Зато как окрыляло меня скупое, короткое слово твоего одобрения, высказанное сквозь радостные слезы удовлетворенного соучастника…

Мы оба считали, что это и есть настоящее счастье.

Вот потому-то рассветы особенно и терзают меня теперь глухотой безнадежности. Прежде я никогда не мог понять тоски по ушедшему прошлому. Ведь прошлое было для нас путем к настоящему, и лишь в настоящем и будущем мы видели жизнь. Сейчас прошлое — жизнь, а настоящее — безликая пустота, за которой туман. А есть ли в этом тумане наше с тобой будущее? Я не вижу его…

Именно рассветы теперь порождают во мне острую муку отчаяния. Именно на рассвете мне всегда приходит мысль о том, что больше я никогда не увижу тебя и сына, ничего никогда не буду писать, не прочту тебе новых страниц, не увижу конца войны… Да и писем этих ты не прочтешь и не узнаешь даже о том, что я еще жив, еще люблю тебя и, как всю жизнь, продолжаю писать тебе часто и много…
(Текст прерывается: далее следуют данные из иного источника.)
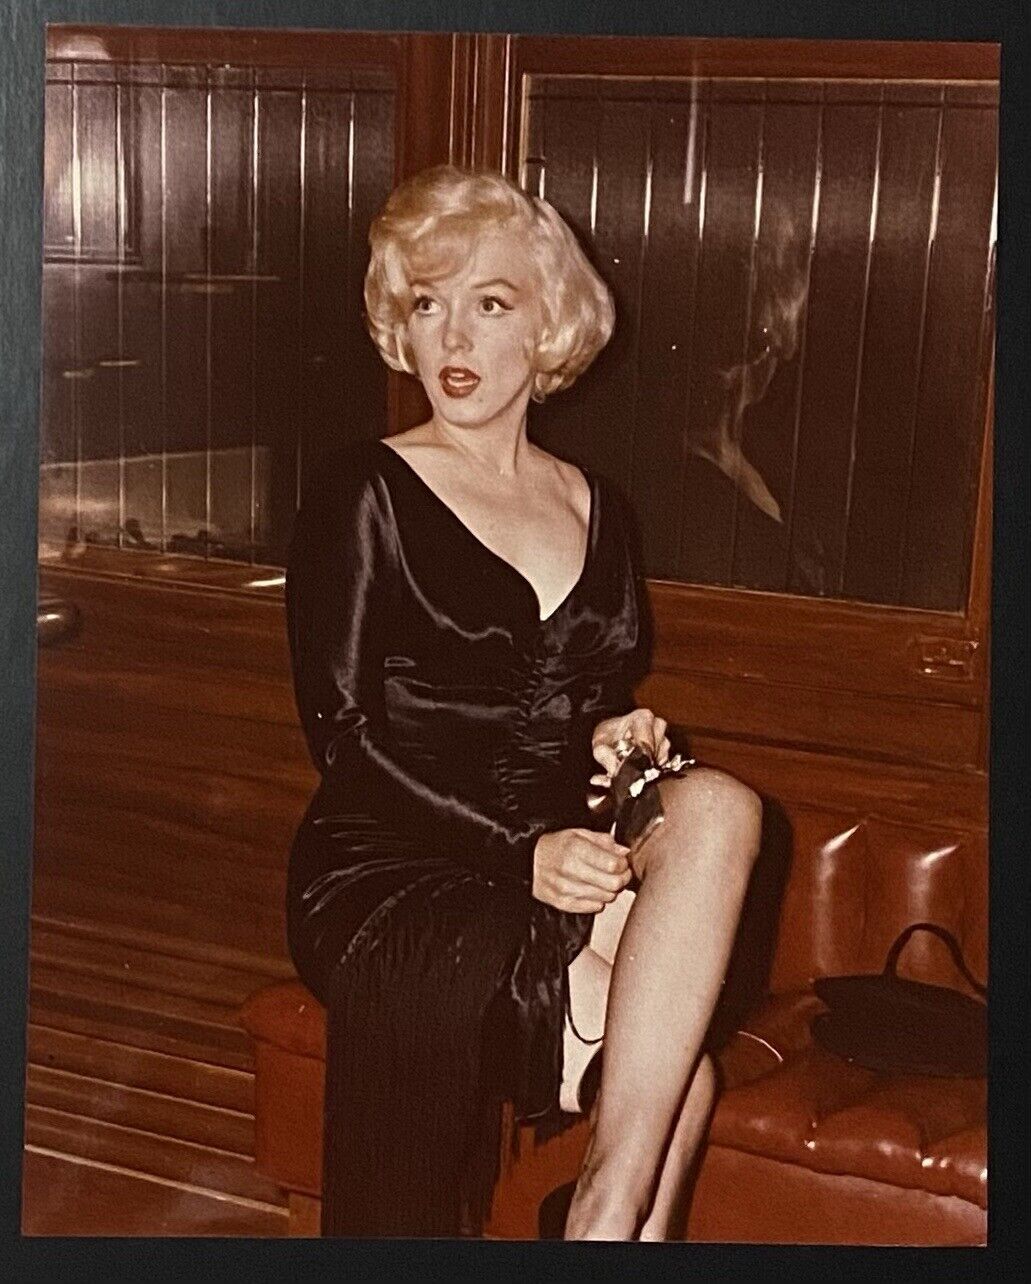 1959 Marilyn Monroe Original Photo Some Like It Hot Still Publicity

Но что же может рассвет обещать мне здесь? Новый день рабства, человеческих смертей и мучений? Еще один день, неотличимый от прочих, безликий в своем безобразии…»
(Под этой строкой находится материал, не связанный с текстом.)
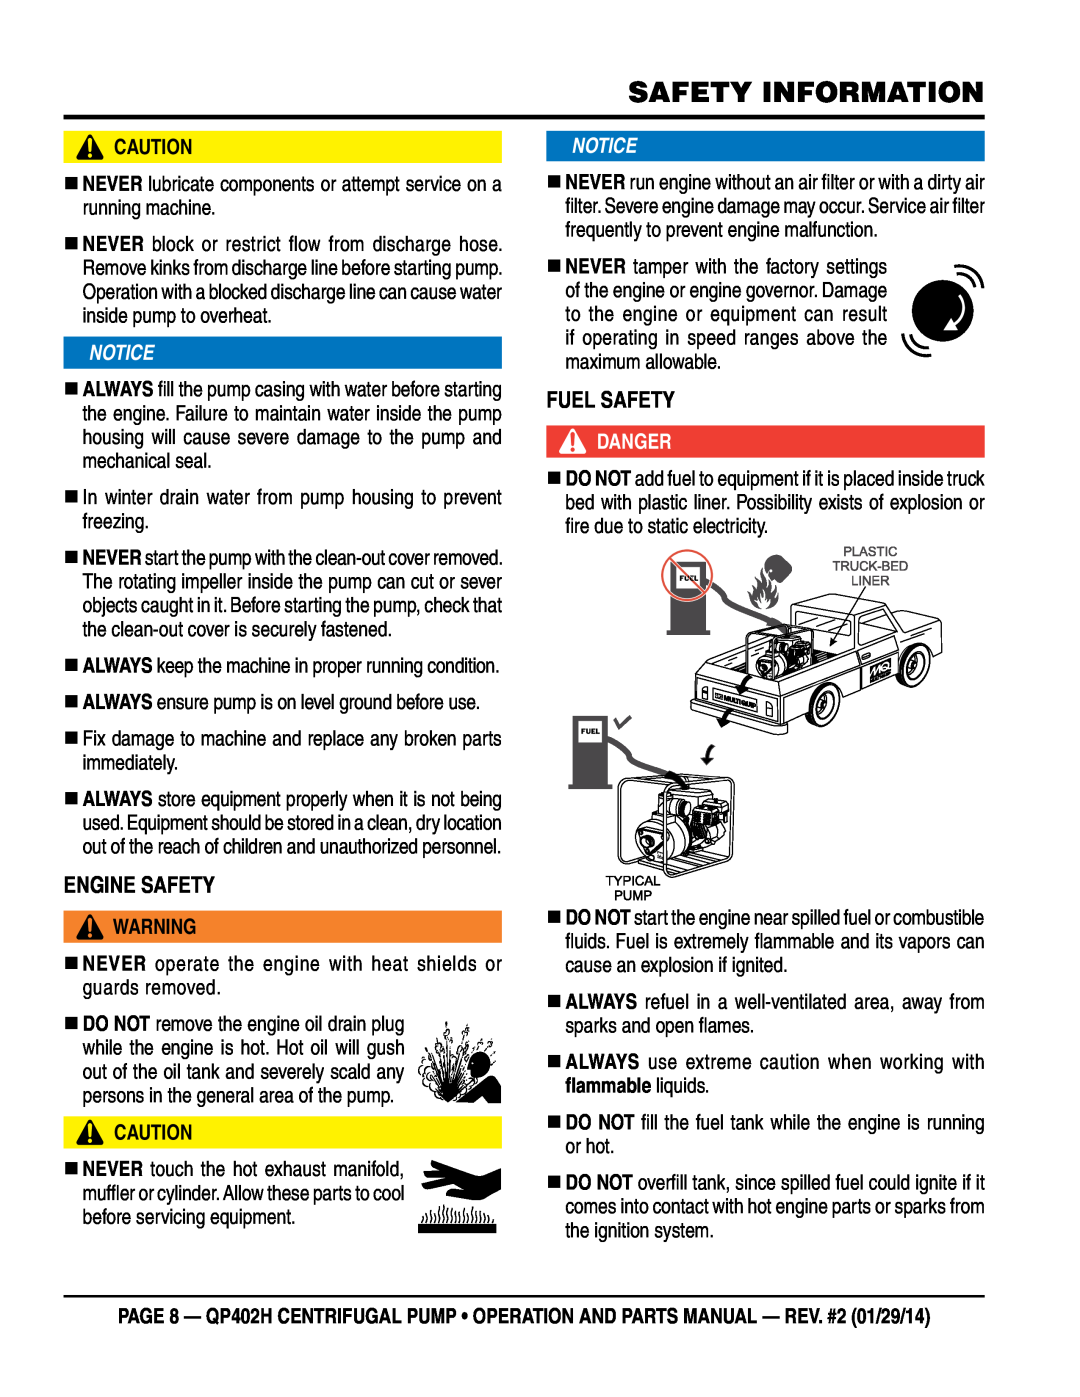 Multiquip qp402h manual Engine Safety, Fuel Safety, Safety Information, Danger

Дней десять спустя после увода в безвестность Чернявского Волжак, поутру моя цементный пол изолятора, сказал с явной радостью:

— На место Ильи Борисыча, знаешь, Иваныч, кого назначают?

— Не знаю, — сухо ответил Баграмов. У него уже заранее было чувство какой-то неприязни к тому врачу, который должен занять место Чернявского, неприязни просто по одному тому, что это будет уже не Чернявский, а кто-то другой…

— Моего знакомца, врача Михайлу Степановича Варакина! — сообщил Волжак. — Вот уж доктор так до-октор! Это душа-а! — восхищенно сказал он, окуная швабру в раствор хлорной извести и наклоняясь, чтобы достать под две рядом стоящие койки. — Челове-ек! — не прерывая работы, подхваливал Волжак вновь назначаемого врача. — Да-а, вот это товарищ! — вполголоса окал он.